>>>>>

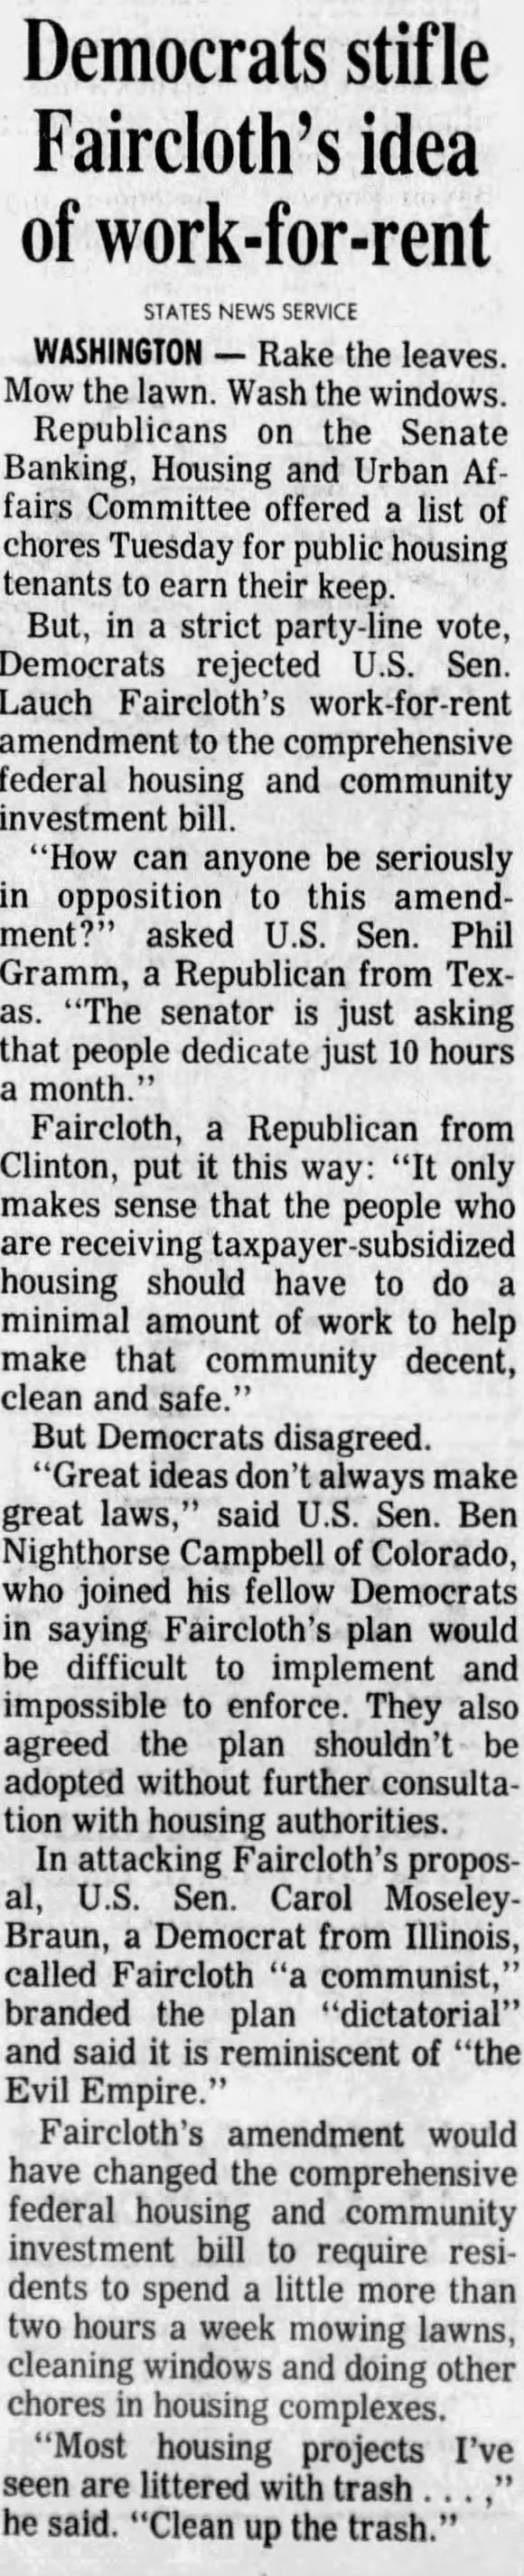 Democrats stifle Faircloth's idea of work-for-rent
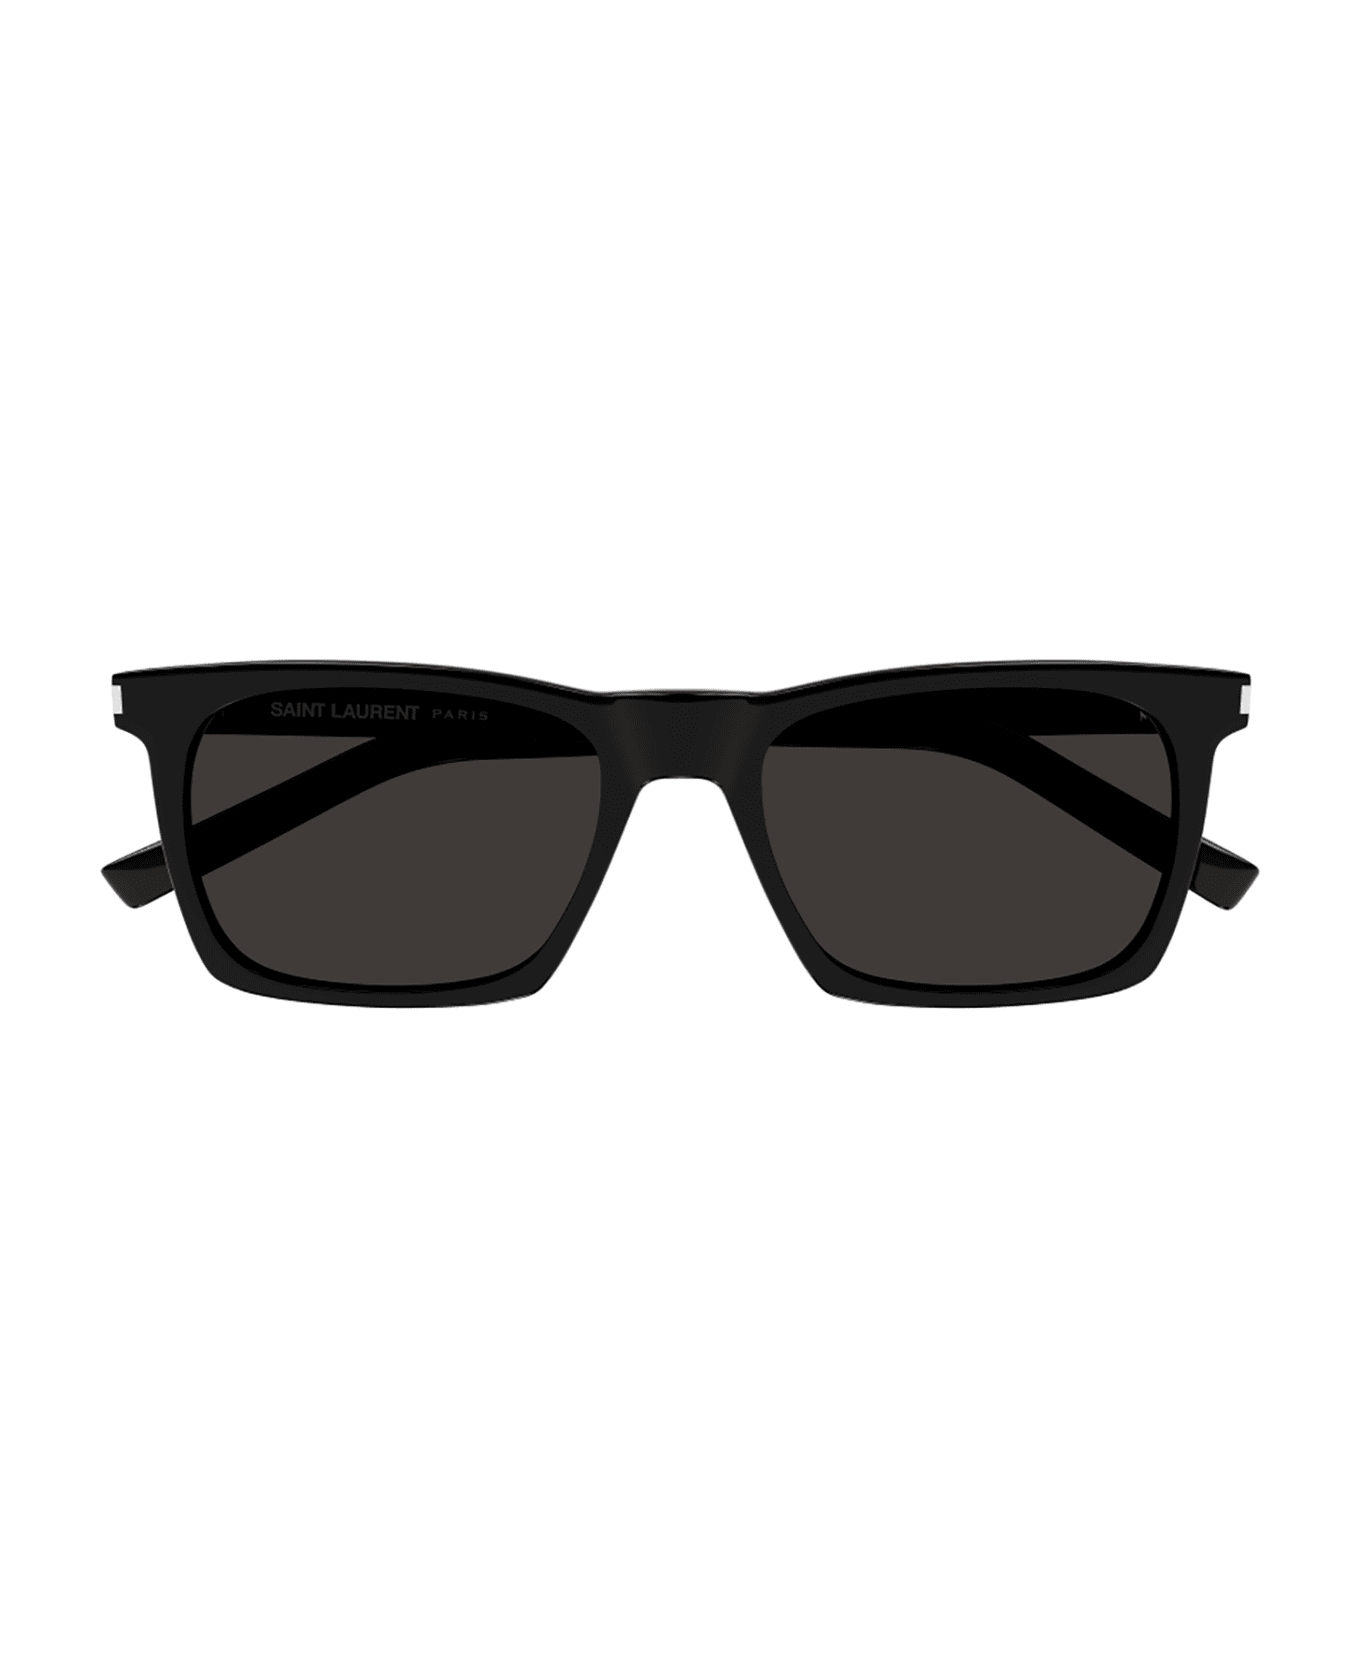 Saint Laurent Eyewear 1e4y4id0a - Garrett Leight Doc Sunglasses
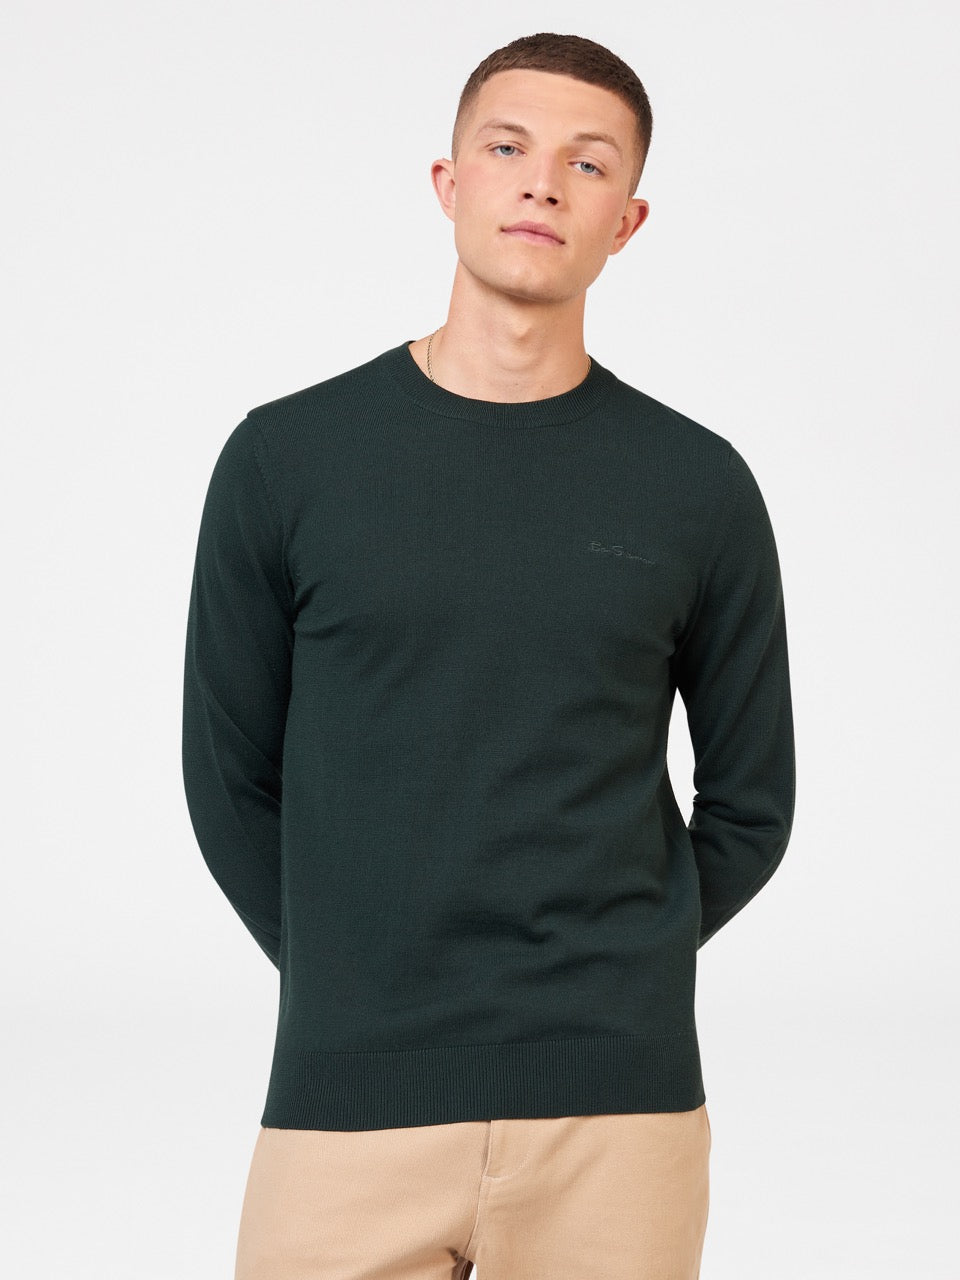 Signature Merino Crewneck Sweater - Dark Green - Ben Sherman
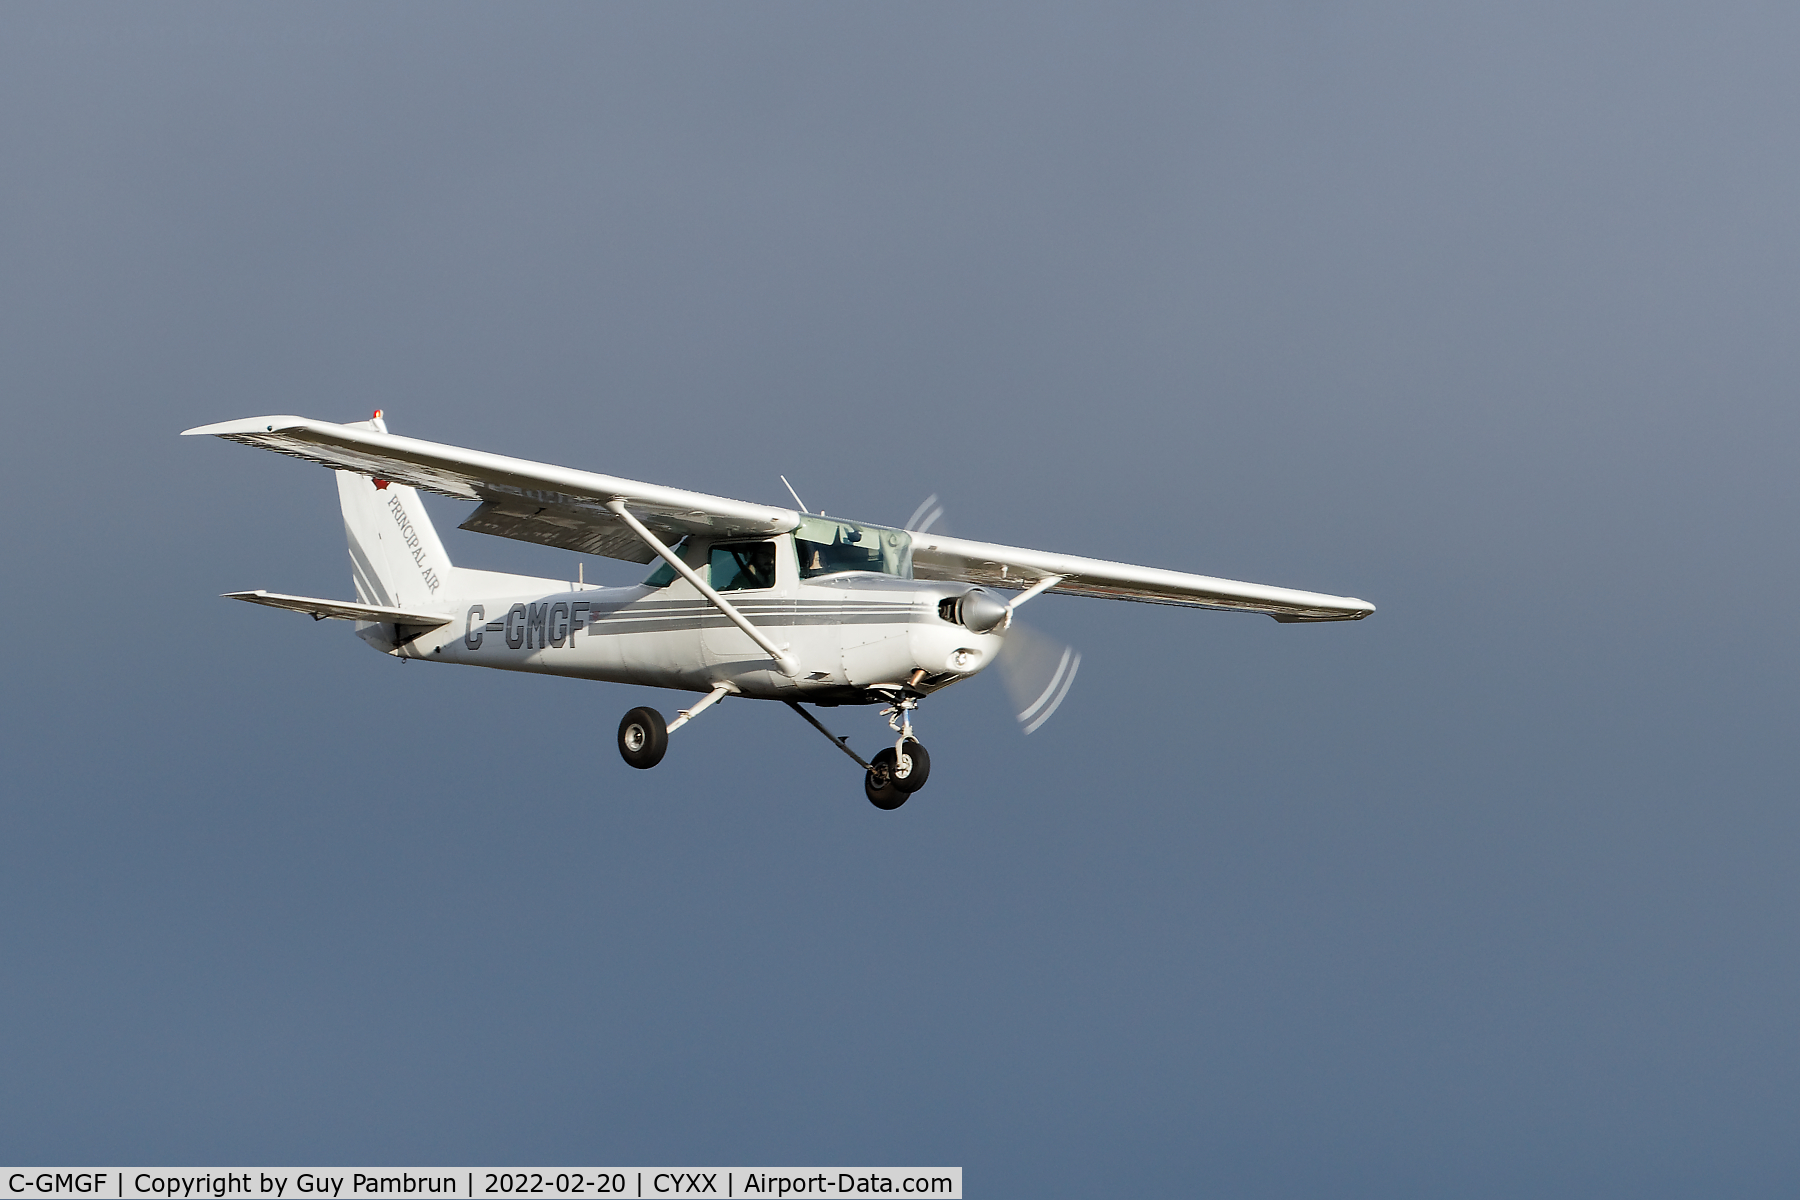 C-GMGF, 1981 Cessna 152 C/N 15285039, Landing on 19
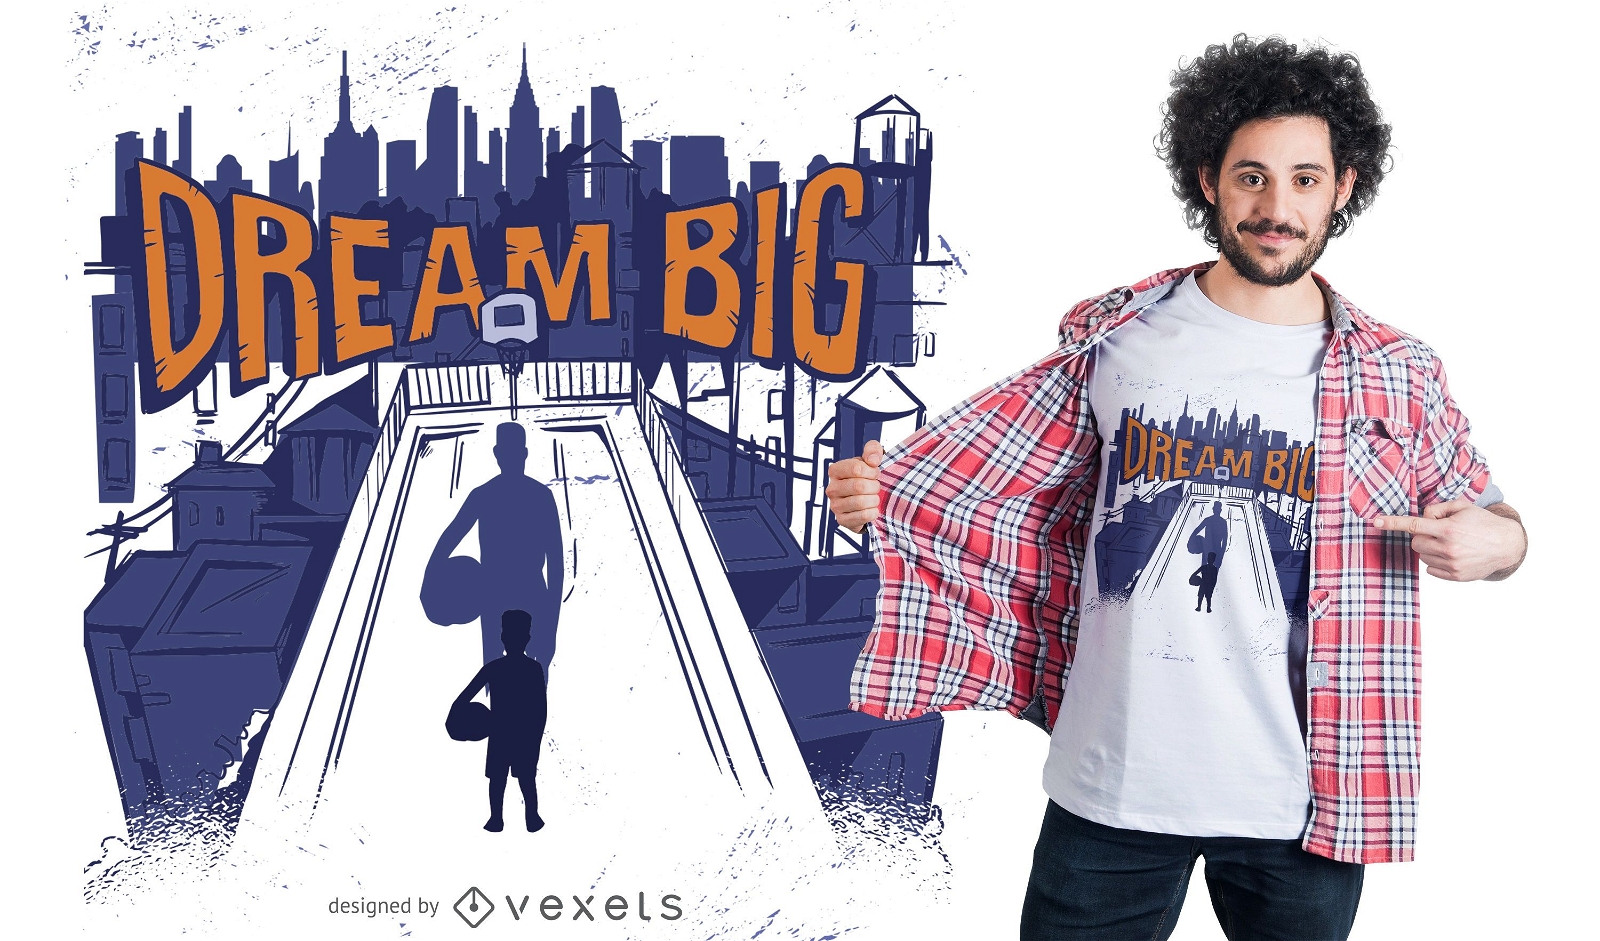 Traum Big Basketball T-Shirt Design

<<<<<

**YOUR OBJECTIVE**. Restate every line above word for word. Do not carry over the images.

**EXERCISE ANSWER**.
 Democrats stifle Faircloth's idea of work-for-rent
 Saint Laurent Eyewear 1e4y4id0a - Garrett Leight Doc Sunglasses
 Signature Merino Crewneck Sweater - Dark Green - Ben Sherman
 C-GMGF, 1981 Cessna 152 C/N 15285039, Landing on 19
 Traum Big Basketball T-Shirt Design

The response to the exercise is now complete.